Winners and Losers

Competition is a fact of life; the desire to win at games, get the highest grade in the class or bring home a blue ribbon from the county fair is a feeling most of us can understand.  Playing sports provides an outlet for competitive urges; watching your favorite professional teams allows us to compete vicariously.

Competitive urges may also pervade our lives in many other areas:  Who has the bigger house?  Whose kid got into the better college?  Who drives the nicer car?  Who has the more prestigious job?  Who is better-looking or fitter?  Who is more popular, smarter, wittier?  People regularly make such comparisons and often feel in competition with their friends and acquaintances, whether or not they realize it.  As long as it's not a preoccupation or source of great distress, this is "normal" -- that is to say, competition is everywhere.

Competition becomes toxic, however, when you add the element of triumph.  I don't mean that word in its positive sense, as in "His victory was a triumph of self-discipline and fortitude."  The triumph I have in mind goes hand-in-hand with the humiliation of others.  In this sense, when you are victorious it means there must be a contemptible loser.  "Personal best" doesn't apply in that instance; seeing others go down to defeat is a major part of the gratification.  Feeling superior to and better than those losers is the goal.
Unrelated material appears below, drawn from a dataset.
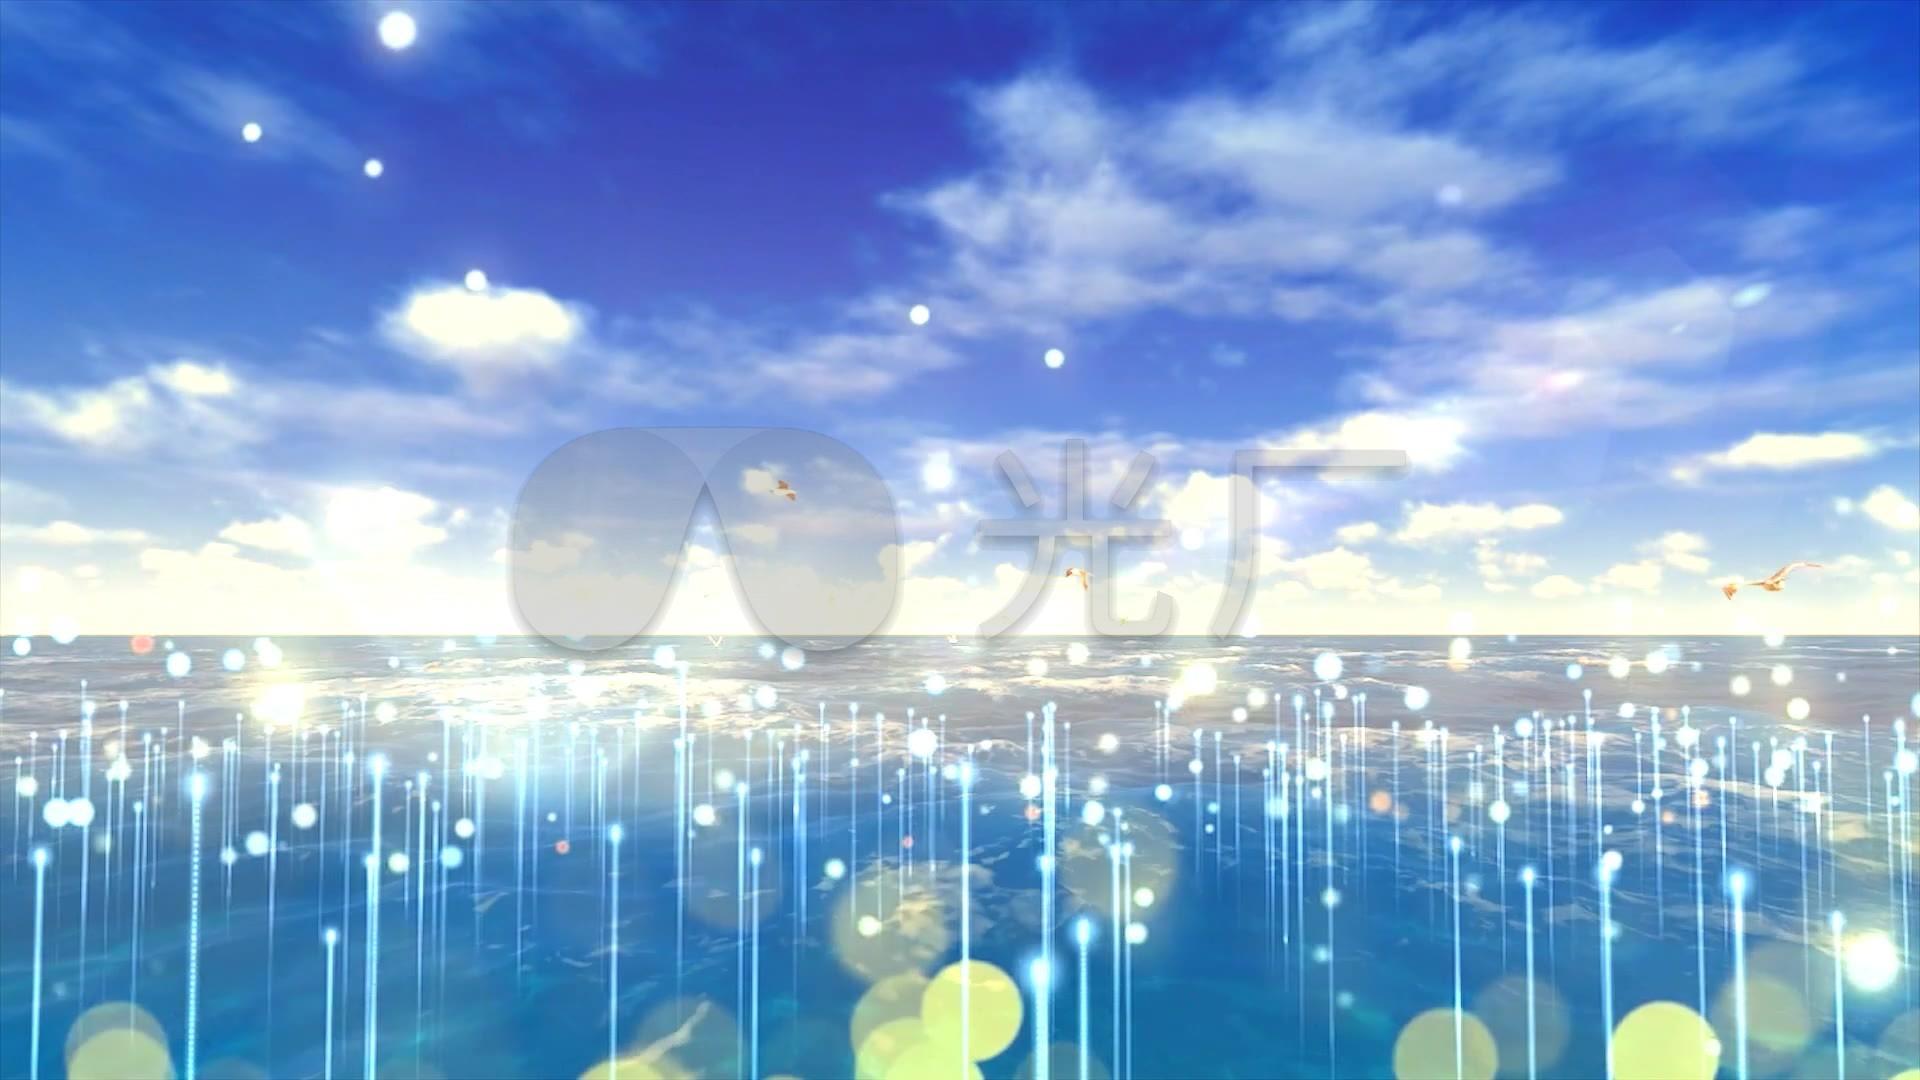 歌曲《我和我的祖国》_1920X1080_高清视频

I think this feeling is more commonplace that you might expect.  Why, after all, do so many people tune in to reality-based TV shows like "American Idol" or "Project Runway," where week after week, the "losers" are dismissed from the competition by contemptuous judges, often in extremely degrading ways.  A very large part of the viewing public must derive satisfaction from witnessing this humiliation, no doubt identifying with the triumphant winner or the sneering judge.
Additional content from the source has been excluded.